Religion and Performance
A proposed working group for the International Federation of Theatre Research (IFTR)
 
This proposed working group seeks to examine the entwinement between the forms, institutions, practices, traditions and impulses of religion and theatrical performance. We seek systematic ways of examining how religion and performance have come into conversation, cooperation and conflict, both historically and in the present.
 
We wish to place our work at the intersection of the scholarly traditions of theatre and performance studies and the study of religion. Both are committed to the systematic and humanistic critical inquiry of their material, and both are committed to internationalism and the joint participation of scholars from all corners of the world. In these traditions, this group is open to members from all national and cultural backgrounds, and it interests itself in work on all the world’s great spiritual and performative traditions.
 
Both religion and performance are, in our view, sets of social and cultural practices that have a profound and long-lasting importance to those involved in them. Because these practices are so important, we are committed to a nonsectarian inquiry of them.
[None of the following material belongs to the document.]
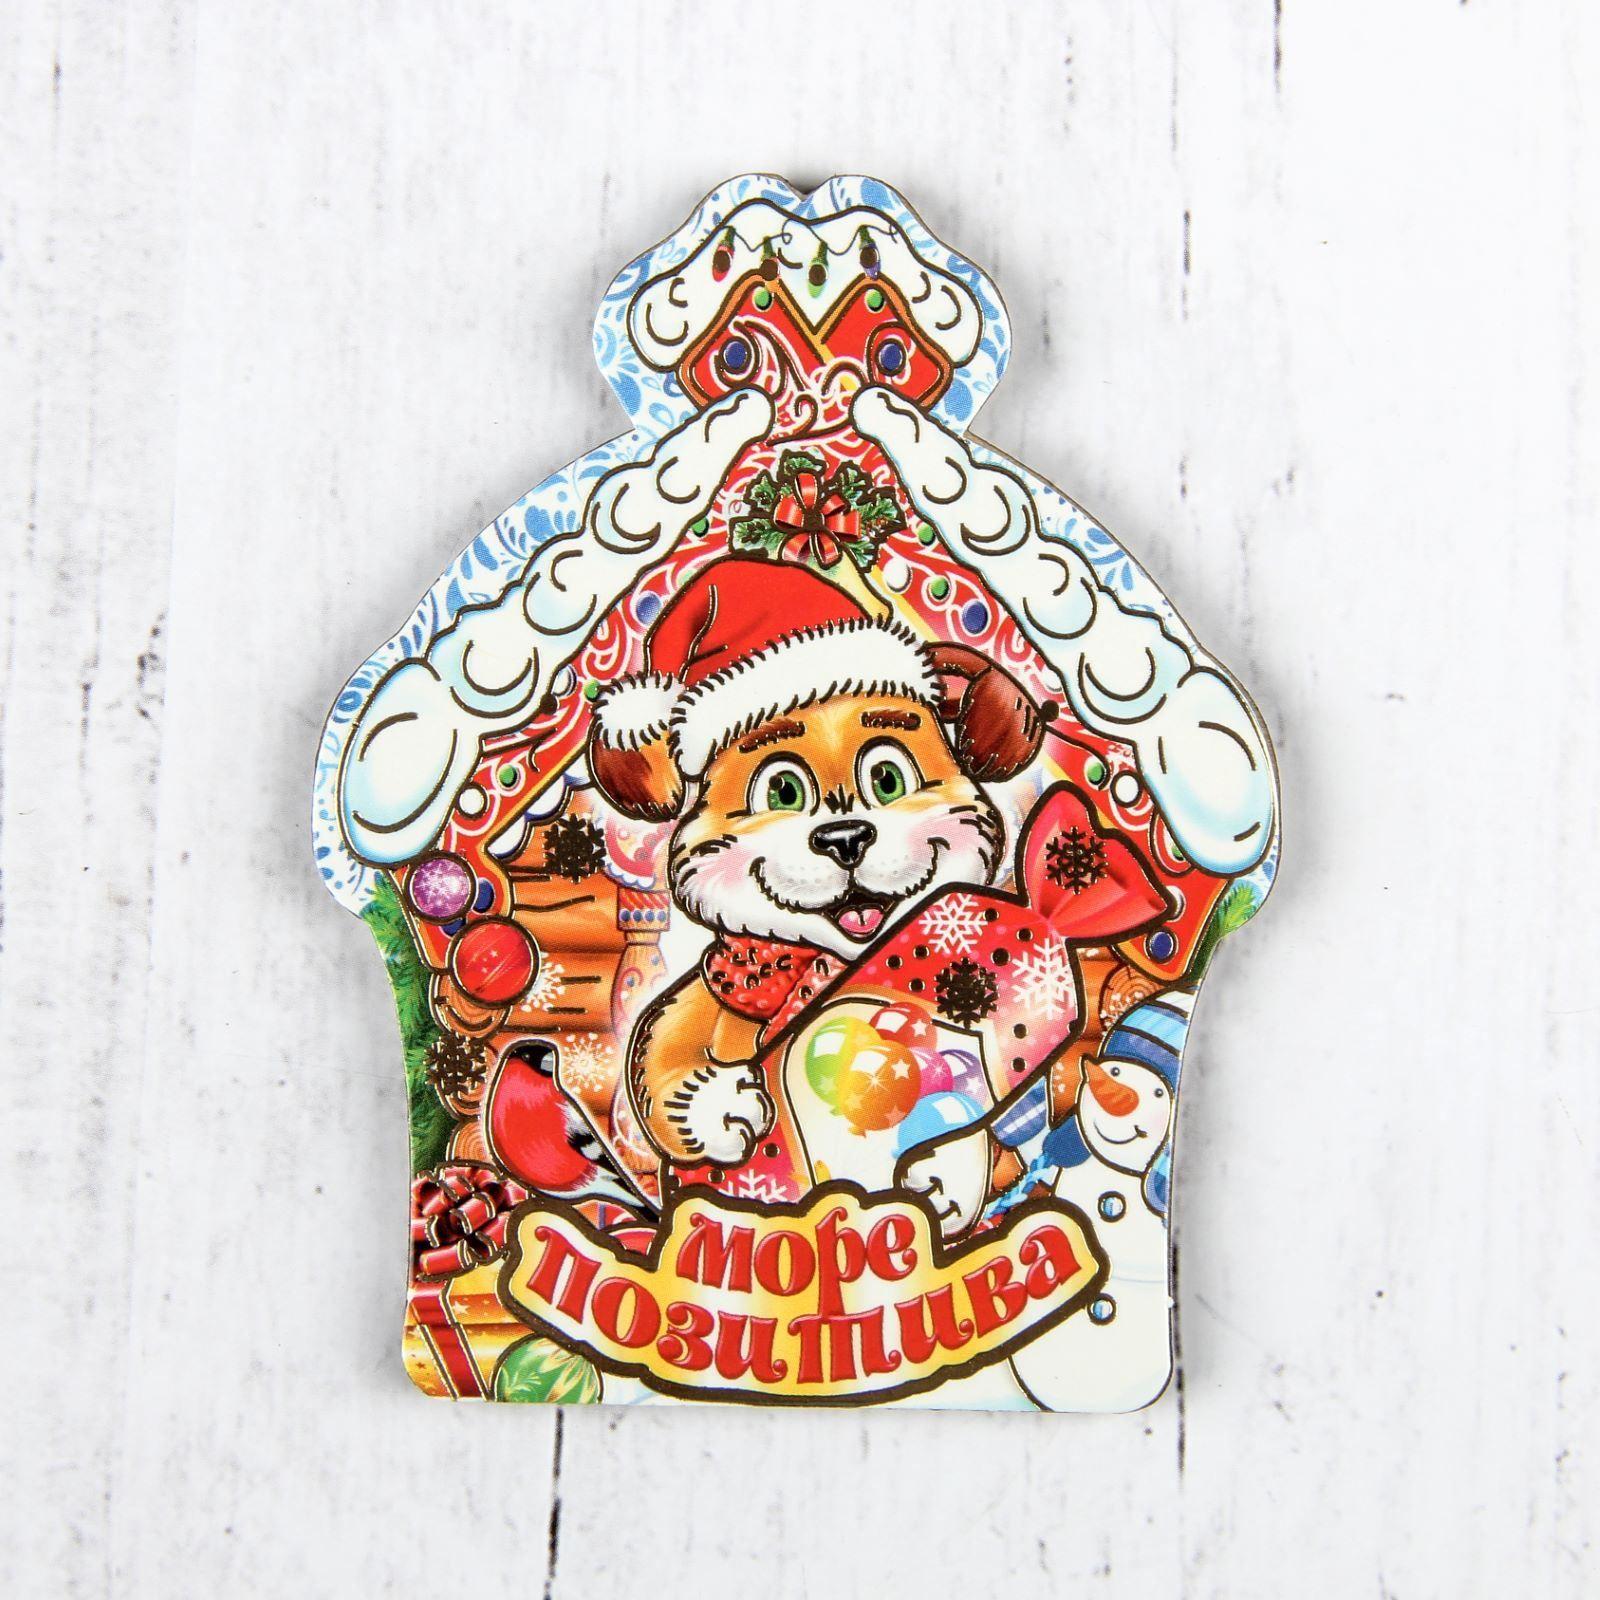 Магнит Sima-land Новогодний. 2018, 10 х 7,5 см. 25324212532421Порадуйте родных и близких оригинальным сувениром: преподнесите в подарок магнит. С ним даже самый серьёзный человек почувствует себя ребёнком, ожидающим чудо! Создайте праздничное настроение, и оно останется с вами на весь год.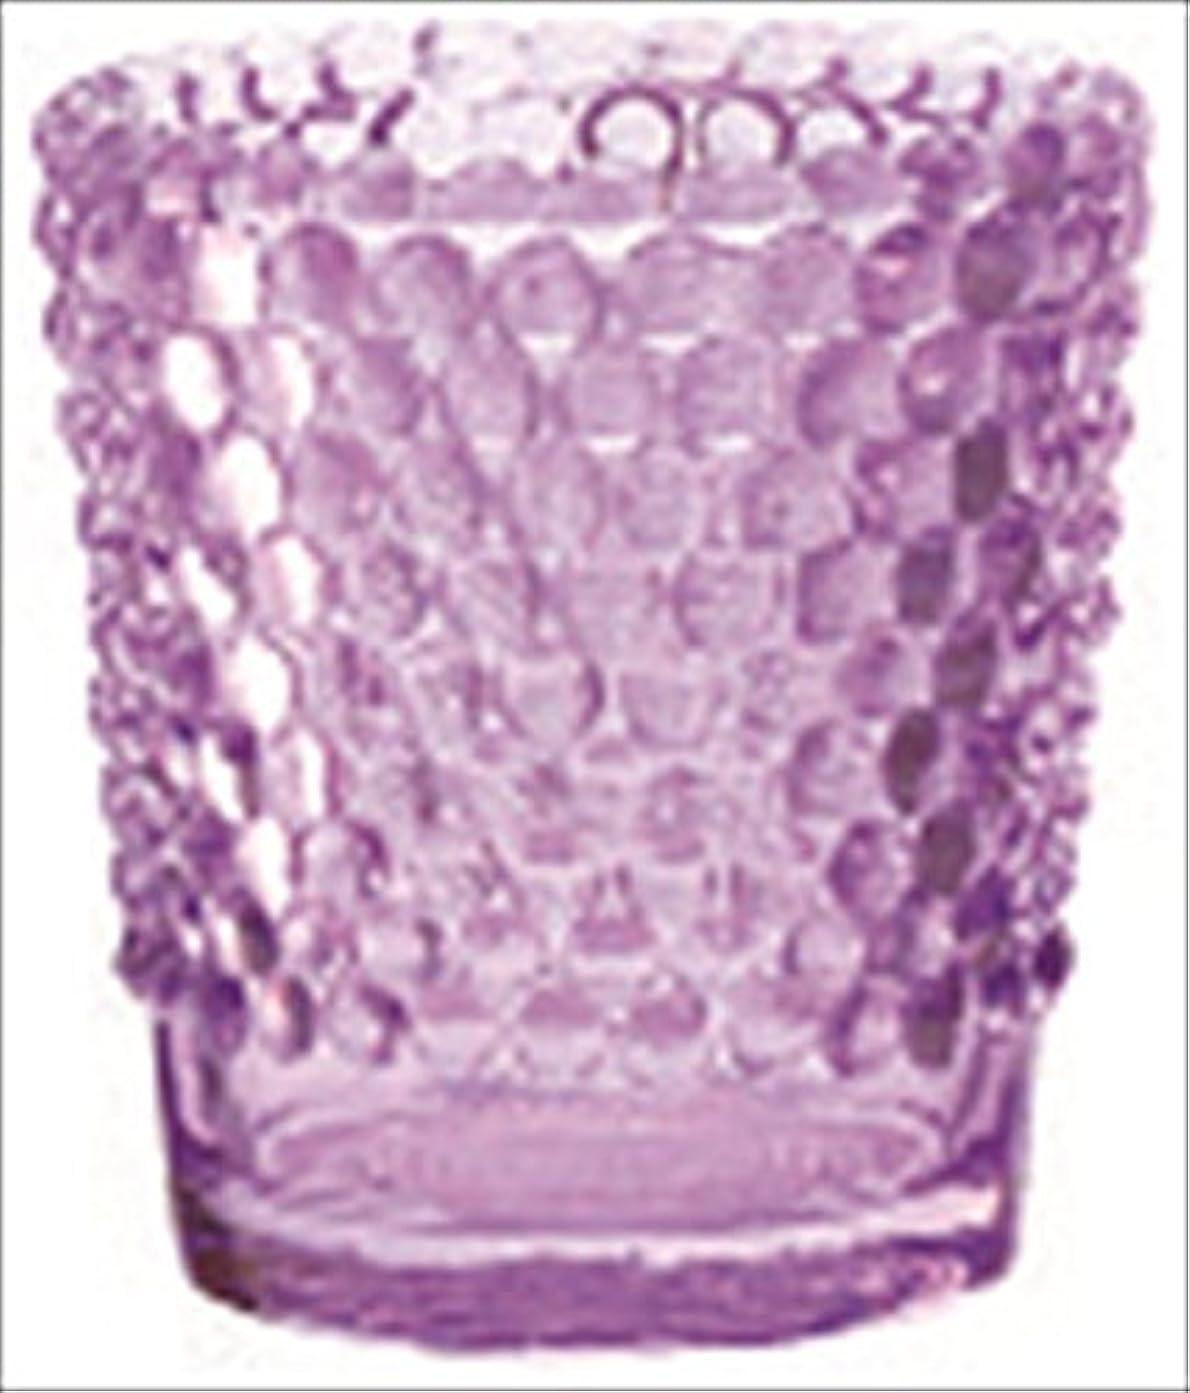 大気ドーム自伝カメヤマキャンドル( kameyama candle ) ホビネルグラス 「 アメジスト 」

We assume no particular faith or religious affiliation for our members or our work.
 
Topics of interest might include (but are not limited to):
 
• The use of performance within religious practices (i.e., ritual or spirituality) and its relationships to secular performance
• The interactions between structures of religious institutions and theatres, politically, economically, or legally
• Traditions of religious antipathy towards the theatre, and vice versa
• The secularity of performative aesthetics and ways in which this has been challenged
• Attempts to bridge religious divisions by means of performance
• The nature of the theatrical spectator compared to the religious worshipper or congregant, as well as the theatrical performer as compared to the religious practitioner or celebrant
• The use of the transcendent or supernatural in performance
• A comparative analysis of religion and theatre as phenomena or intellectual systems
• Religious performance, including as an ecological engagement or as a “theatre” of the oppressed.

Those who are interested in more information or possibly joining the group should contact one of the proposers: Joshua Edelman at edelmanj@tcd.ie, Farah Yeganeh at farahyeganeh@yahoo.com, or Kim Skjoldager-Nielsen at kim.skjoldager@gmail.com.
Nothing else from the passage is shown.